| To do |
Produce a word-for-word copy of the listing below without its pictures.

| Collected material |
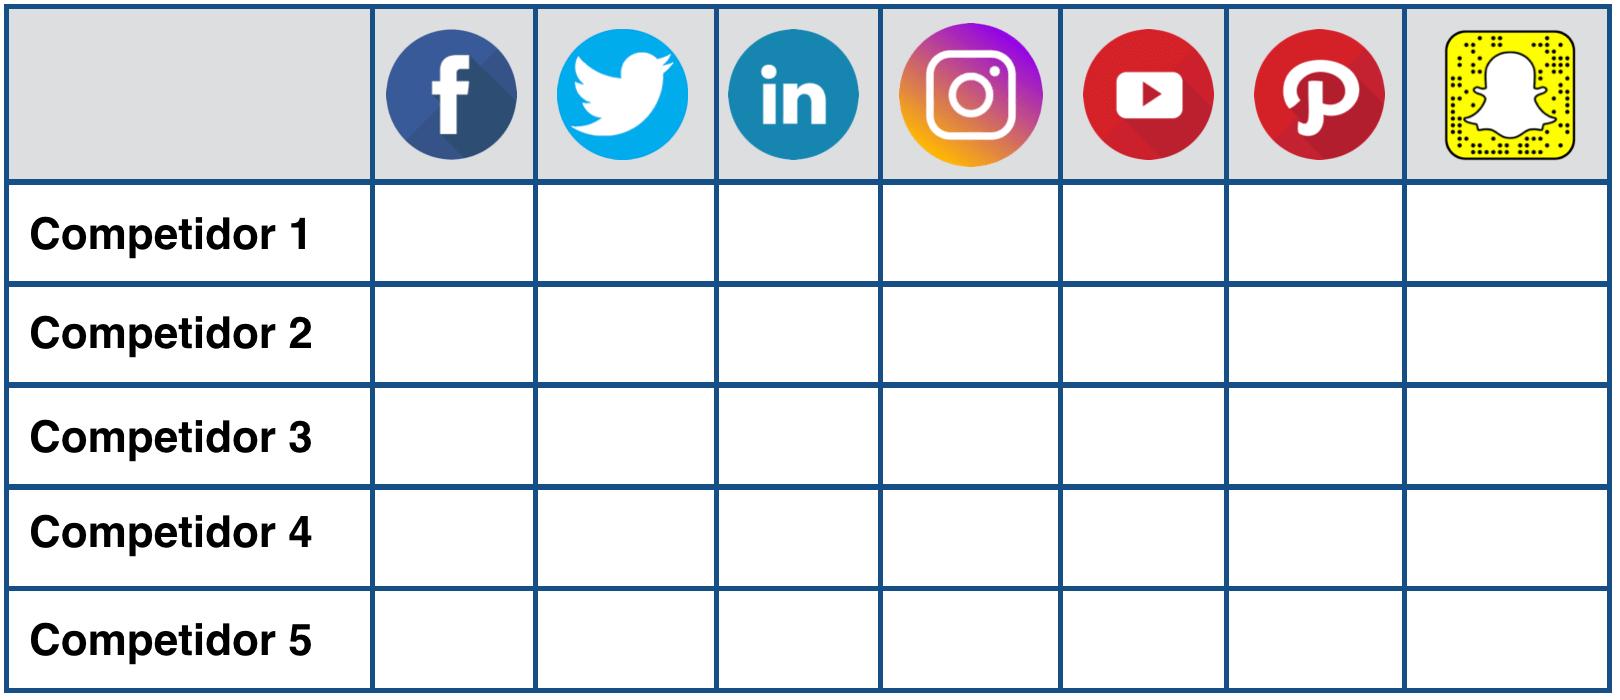 Cómo hacer un Plan de Social Media Marketing [Ejemplos + Plantillas]
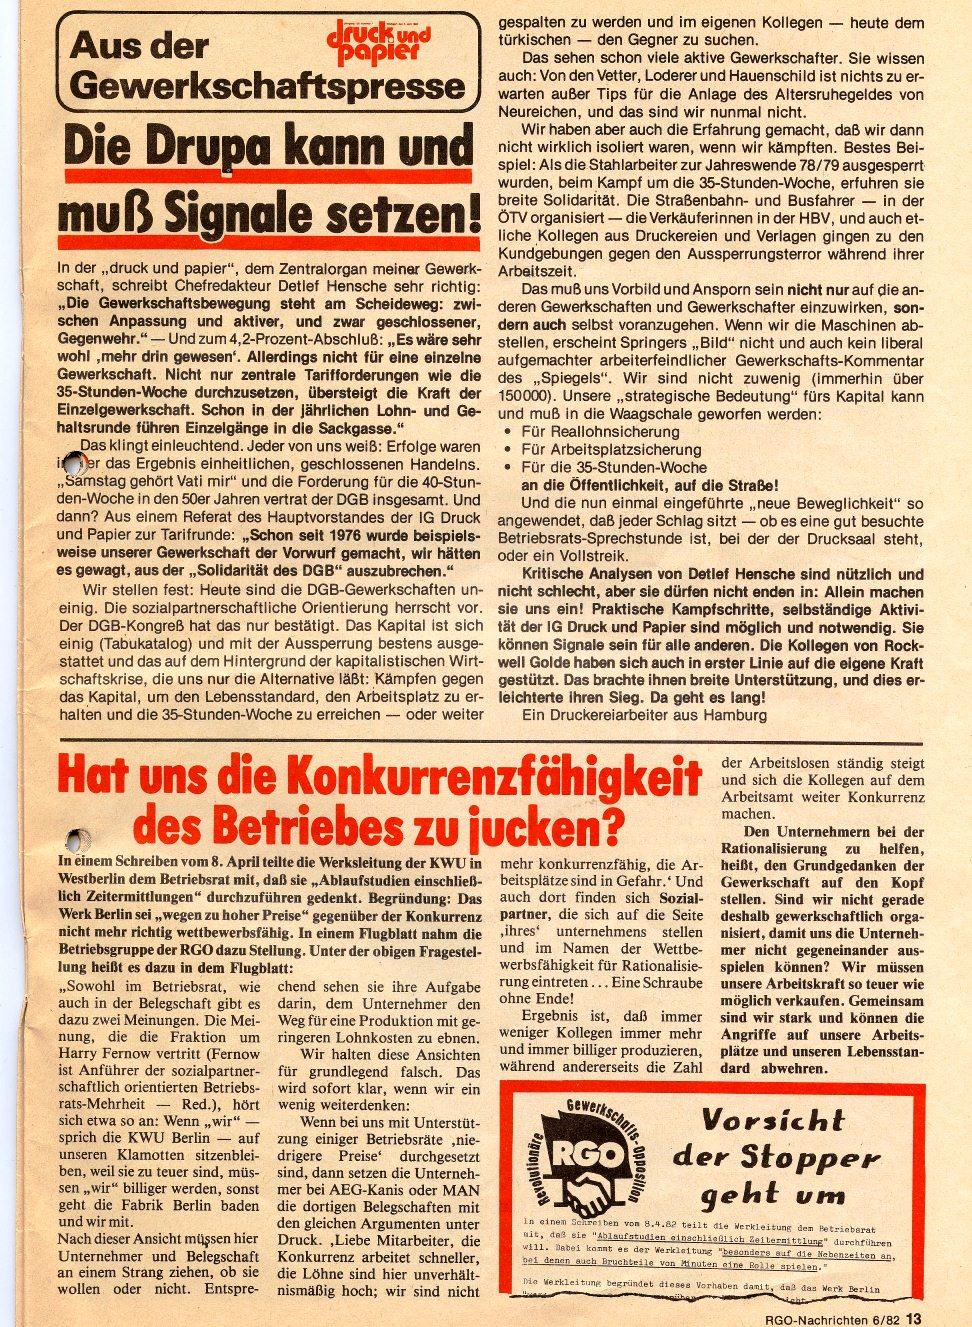 RGO_RGO_Nachrichten_1982_06_13
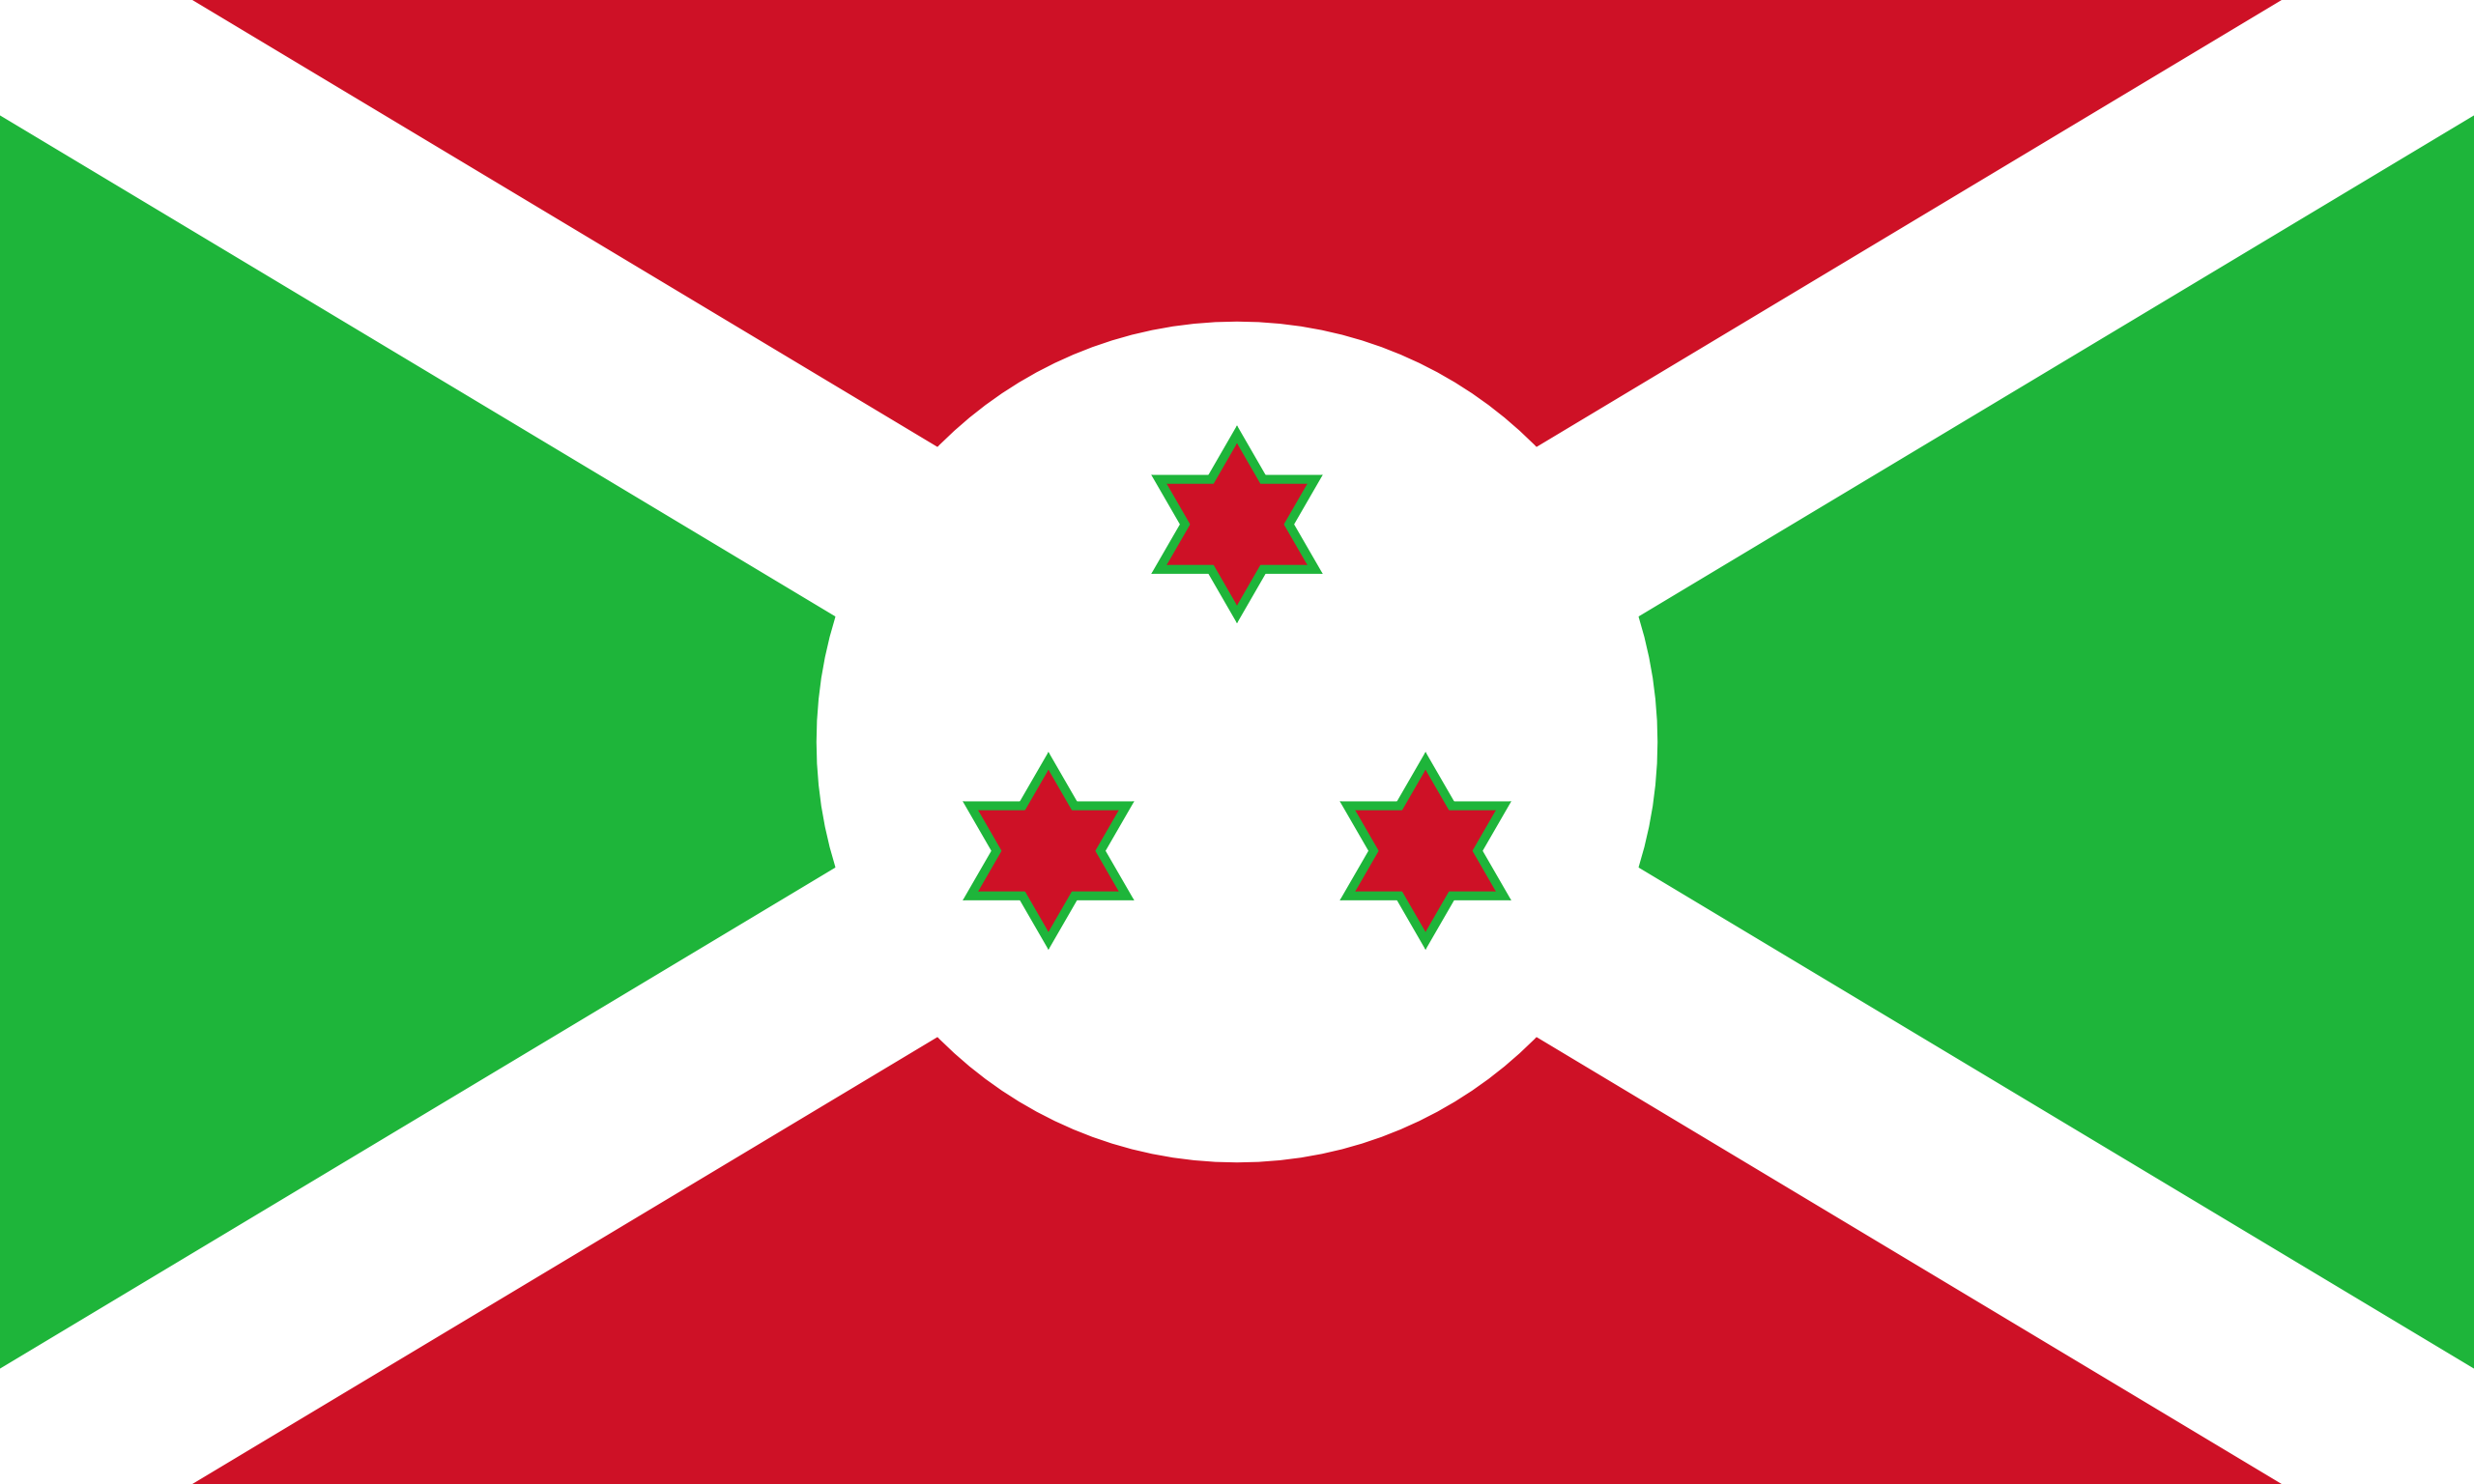 burundi, 国, エンブレム, ロゴ, シンボル - HD の壁紙 - 教授-falken.com

| Result of this exercise |
 Cómo hacer un Plan de Social Media Marketing [Ejemplos + Plantillas]
 RGO_RGO_Nachrichten_1982_06_13
 burundi, 国, エンブレム, ロゴ, シンボル - HD の壁紙 - 教授-falken.com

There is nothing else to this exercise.